- Hippo ivory is an affordable alternative to elephant ivory, whose international trade is prohibited by many countries.
- The reported export and import numbers of legal wildlife trade in the CITES database are dramatically mismatched for some species, including the numbers for hippo teeth.
- An updated population estimate for hippos could indicate how much illegal poaching for their ivory is threatening them.
Think of the illegal wildlife trade, and elephant tusks and rhino horns come to mind. But another of the world’s largest land mammals is slipping under the radar: the common hippopotamus (Hippopotamus amphibius) may be at greater risk than previously believed, according to a new analysis of the international trade in hippo teeth.
Hippo ivory, from their large canines and incisors, is an affordable alternative to elephant ivory (international trade in elephant ivory is increasingly restricted). Its legal trade quotas are agreed upon by the Convention on International Trade in Endangered Species of Wild Fauna and Flora (CITES).

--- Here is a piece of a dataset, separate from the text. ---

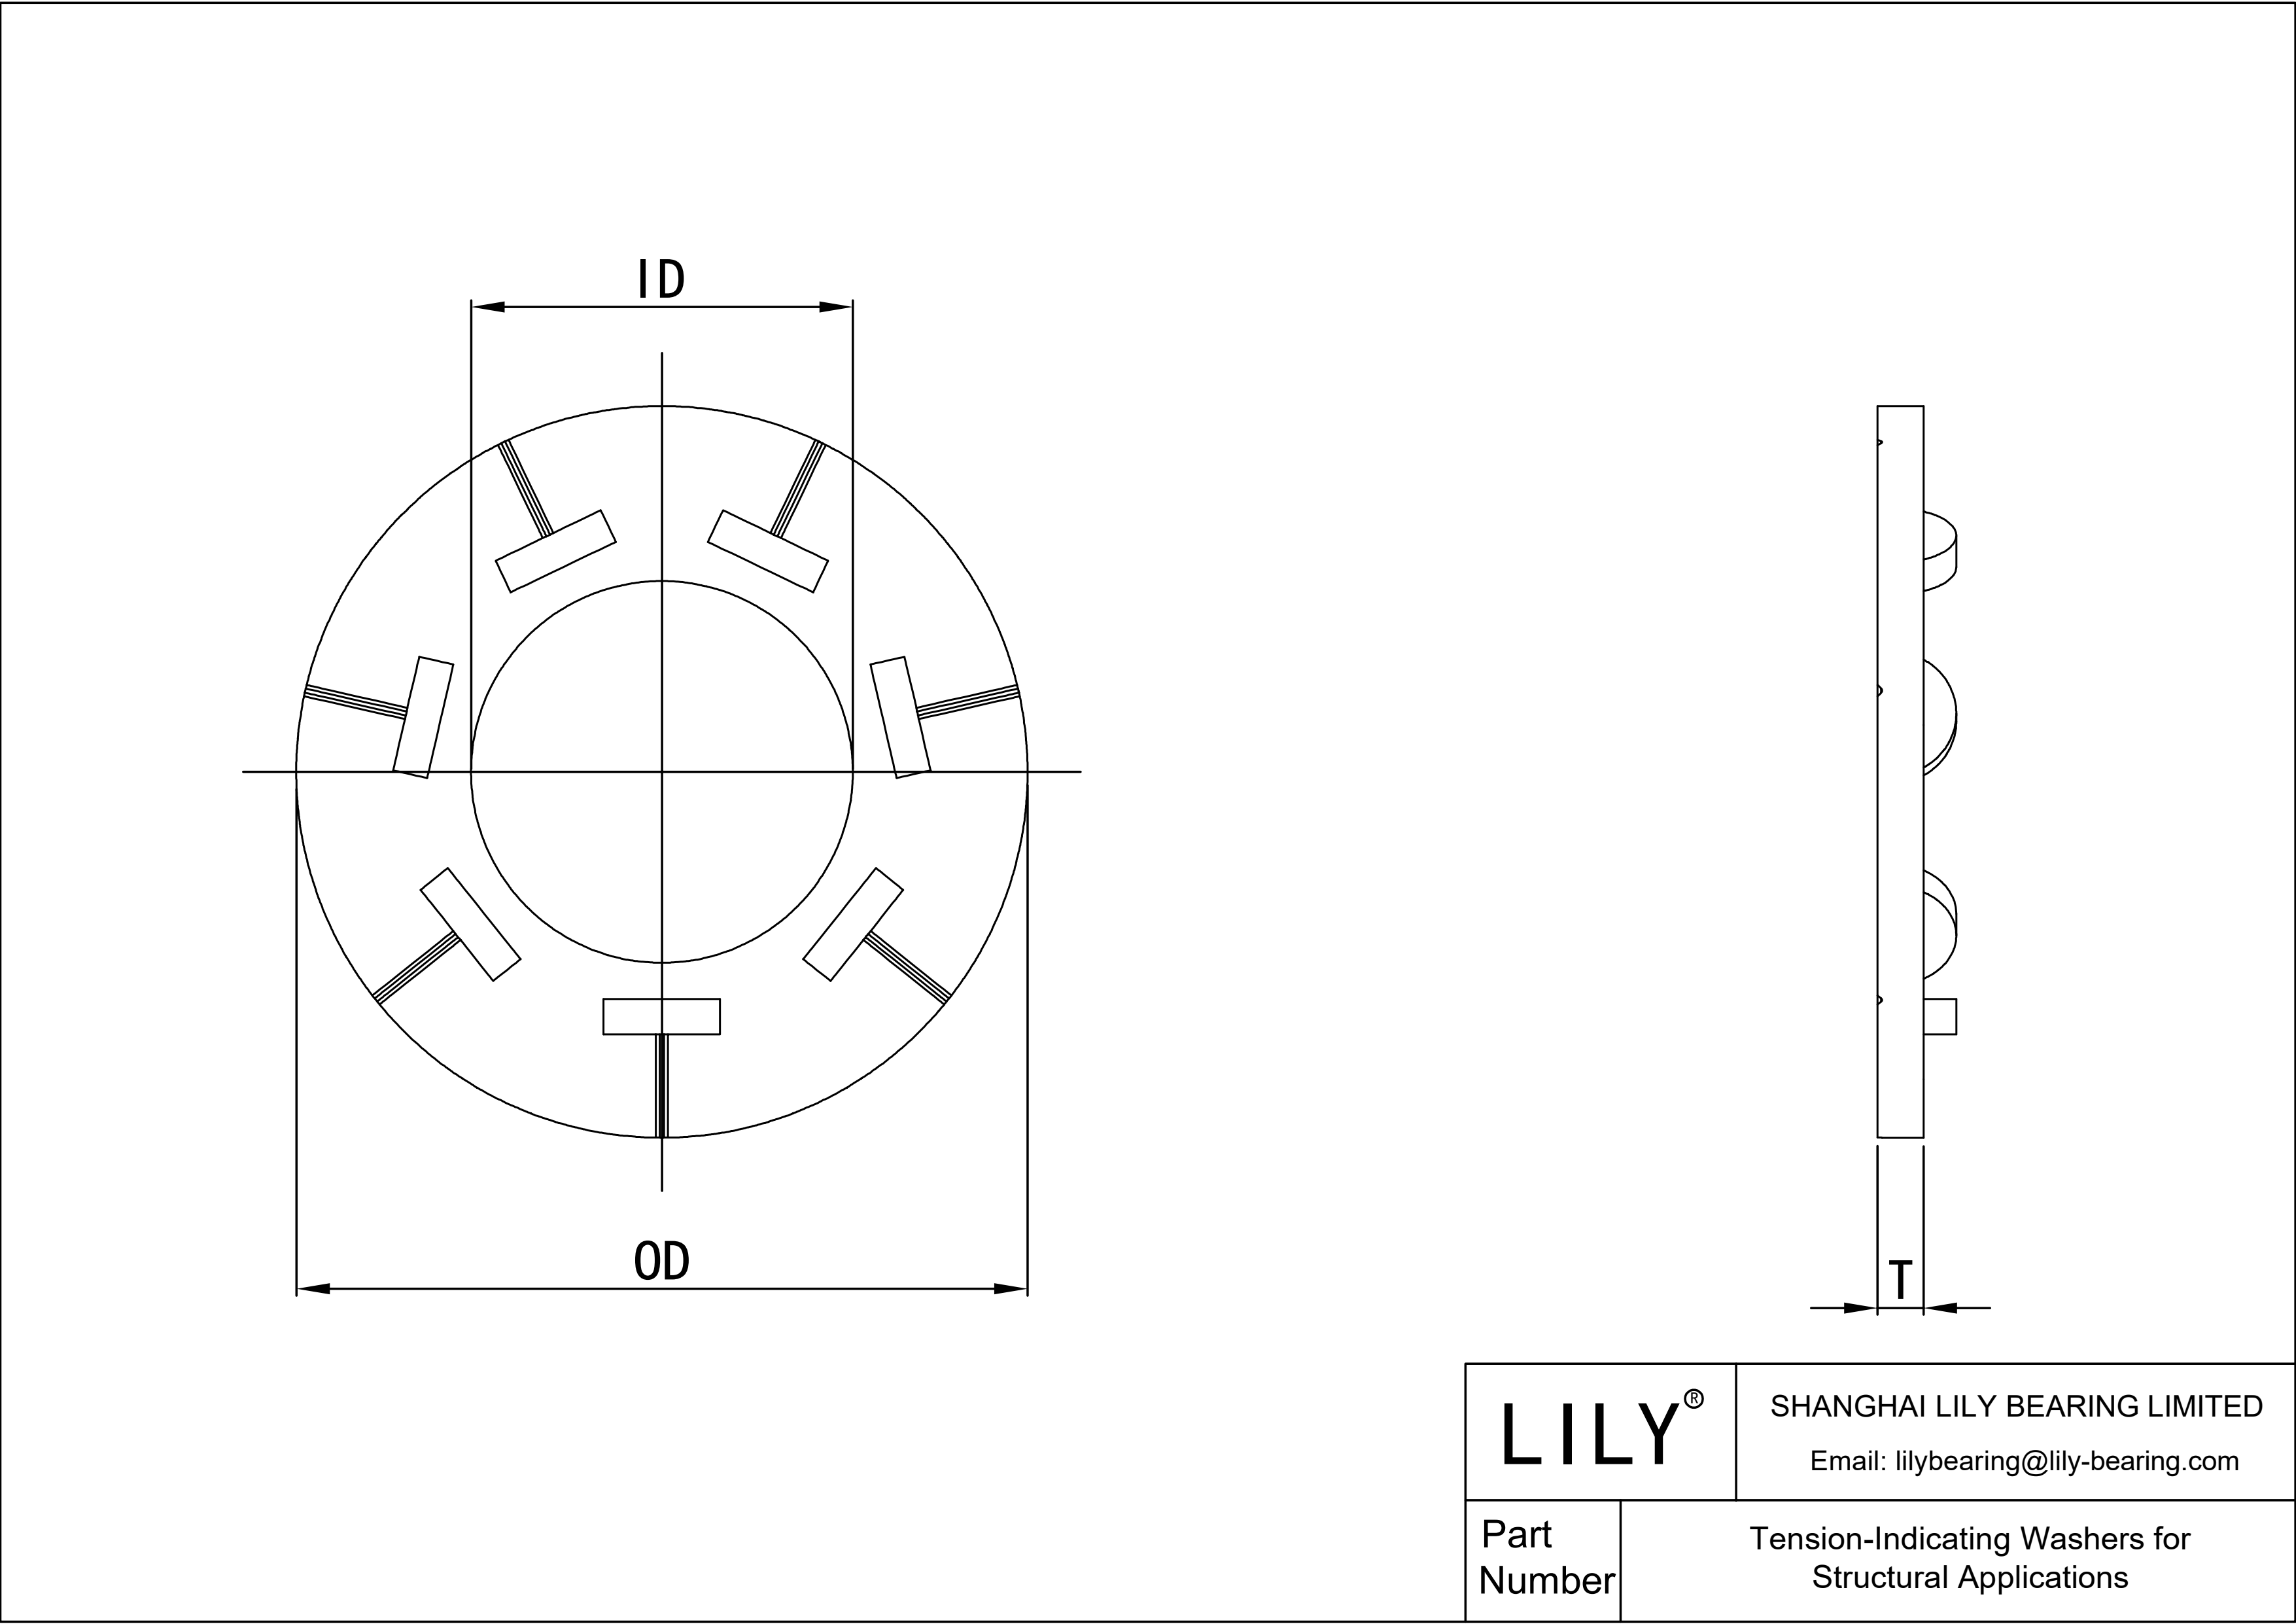 JFDEIABCF Tension-Indicating Washers for Structural Applications cad drawing

But when researchers looked into CITES trade records for an investigation recently published in the African Journal of Ecology, the numbers looked suspicious.
Lead author Alexandra Andersson, a conservation biologist at the University of Hong Kong, examined the export and import numbers for animals in the legal trade markets, and noticed the numbers didn’t match up — sometimes dramatically so.

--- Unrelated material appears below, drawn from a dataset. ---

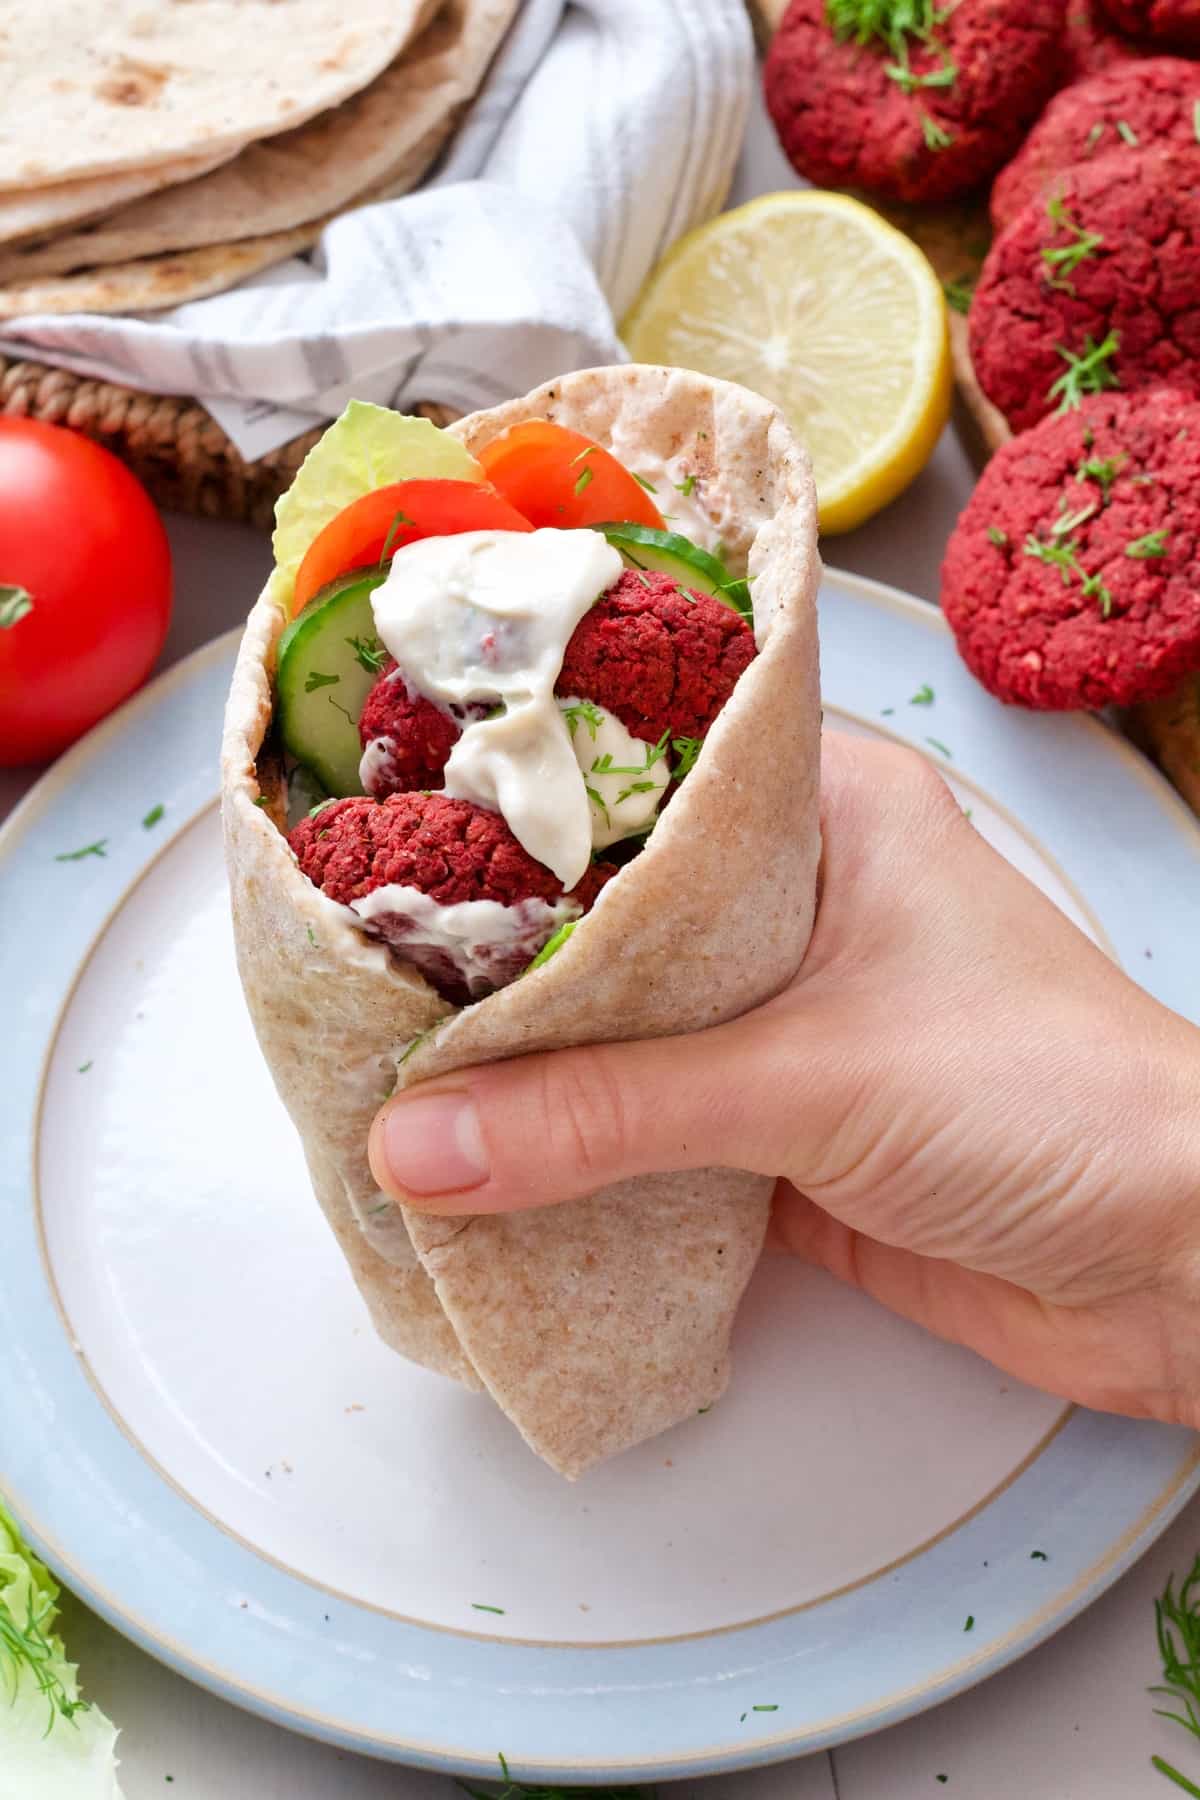 Hand holding flatbread stuffed with falafel and salad.

“I just thought that was a bit strange,” Andersson told Mongabay. “So I decided to select one case study to dive deeper into this issue and find out why this happens, and how it’s so prevalent in the CITES trade database.”
She chose to investigate the hippo ivory trade, a straightforward case compared to other wildlife trades. Hong Kong imports more than 90 percent of global hippo teeth, largely from just Tanzania and Uganda.
When Andersson and coauthor Luke Gibson compared the trade volumes reported between Hong Kong and Uganda from 1995 through 2013, they found more than 14,000 kilograms (31,000 pounds) of hippo teeth were missing. Uganda reported exports totaling 79,000 kilograms (174,000 pounds), but Hong Kong reported receiving just 65,000 kilograms (143,000 pounds).
“This article is one of the first ones I’ve actually seen that takes CITES records numbers and says, ‘Look, there’s something really wrong here,’” said Pieter Kat, an evolutionary biologist and geneticist at LionAid in the United Kingdom, who was not involved in the study.
The authors examined common bookkeeping errors as possible reasons for the mismatched data, but they struggled to identify the exact cause.
Their difficulty didn’t surprise independent conservation biologist Allie Russo, who was not involved in this study. Russo has looked at the CITES database for multiple species, including parrots. She found there are too many shortcomings to make sense of the inconsistencies.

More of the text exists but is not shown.